Wednesday, October 15, 2014

Lessons from a Pickle Jar

It was a late Sunday afternoon when in the midst of sautéing my vegetables (I say “sauté” because it sounds and spells fanciful, although I was only chopping my potatoes) my Tambrahm cells kicked in and a vision of curd rice and pickle popped in my head, because any afternoon meal of a Tambrahm’s palate is incomplete if it didn’t end with curd rice and mango pickle. So, I plugged my earphones, put my clothes on, tied my shoes, and turned off the stove (yes, exactly in that order) and walked all the way to the nearest supermarket salivating at the prospect of tasting steaming rice lathered with curd bathed in a sprinkling of hot spices that envelope the mango pickle--a holy matrimony of curd rice and spicy mango pickle that only ones from Chennai could understand (I am not sure about you, but I am smacking my lips as I am typing this).




I entered the supermarket vowing not to listen to the calls of a plethora of food items that looked tempting and mouth-watering, but of which I had no idea how to use in my novice-level cooking.

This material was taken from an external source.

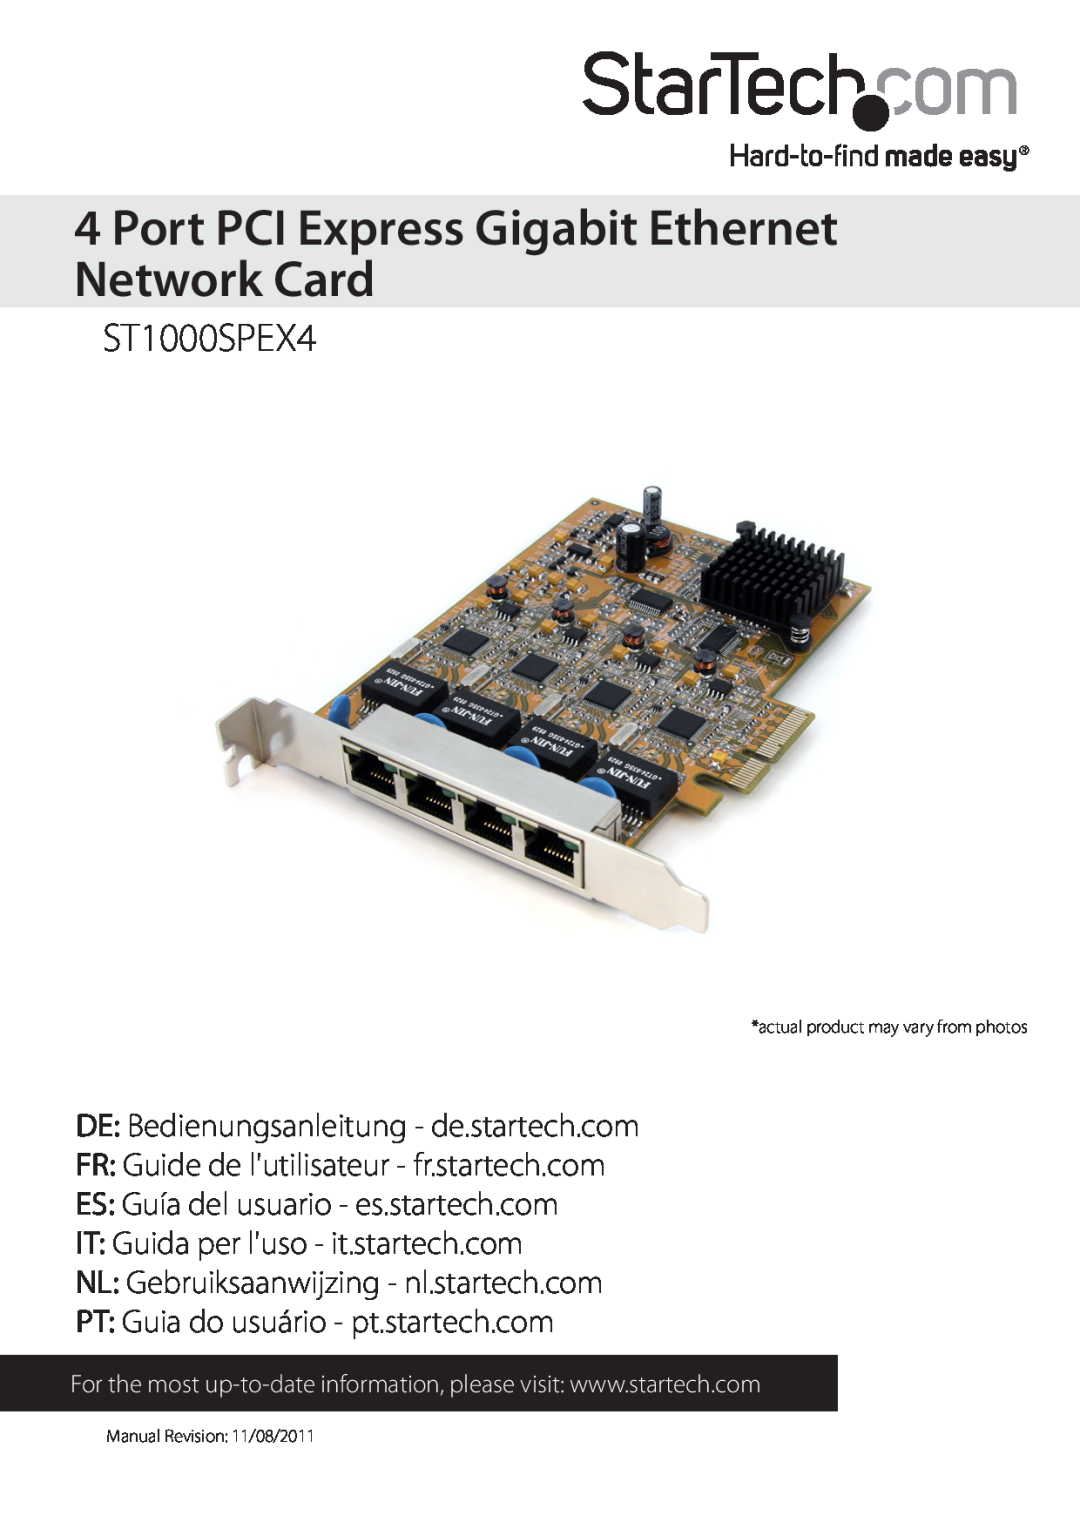 Star Tech Development ST1000SPEX4 manual Port PCI Express Gigabit Ethernet Network Card, Manual Revision 11/08/2011

From Mexico to Italy to China, the shelves were filled with ingredients from all over the world, calling out to me, Use me! I taste delicious! You won’t regret it! They said. One day, when I have enough money to experiment with, I’ll buy some exotic sounding items and create a fusion of ingredients from different corners of the globe and make my own World Cuisine, but for now, I am going to buy that bottle of curd and that jar of pickle, I told myself.

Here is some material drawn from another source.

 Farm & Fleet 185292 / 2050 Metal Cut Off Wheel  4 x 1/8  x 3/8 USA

I walked out of the supermarket with a bottle of curd, a jar of pickle (which was a vadu maanga at that) and a satisfaction of knowing I had not wasted money on any fancy-sounding food products.


I reached home and spent the next one hour cooking my lunch all the while dreaming about the curd rice and mango pickle that I will be devouring after my main course. Once the time came for me to open the bottle, imagine my surprise when the lid wouldn’t come off. The downside of living in a rented apartment is that you cannot let off steam by smashing a bottle against the floor or by punching a hole in the wall, which is how I used to approach any crisis when I was living in my own home.


However, I did fret and fume while trying to open the lid with my bare hands, I quit when I realized that I wasn’t covered with any health insurance just yet, and ran the risk of cutting my hands. The image of eating curd rice mixed with my blood wasn’t appealing. I heaved a sigh of despair and left the pickle jar hidden away from my sight so that it wouldn’t remind me of my shattered dreams, like how bumping into your ex would bring back all these memories of a blissful life that you had planned with her/him.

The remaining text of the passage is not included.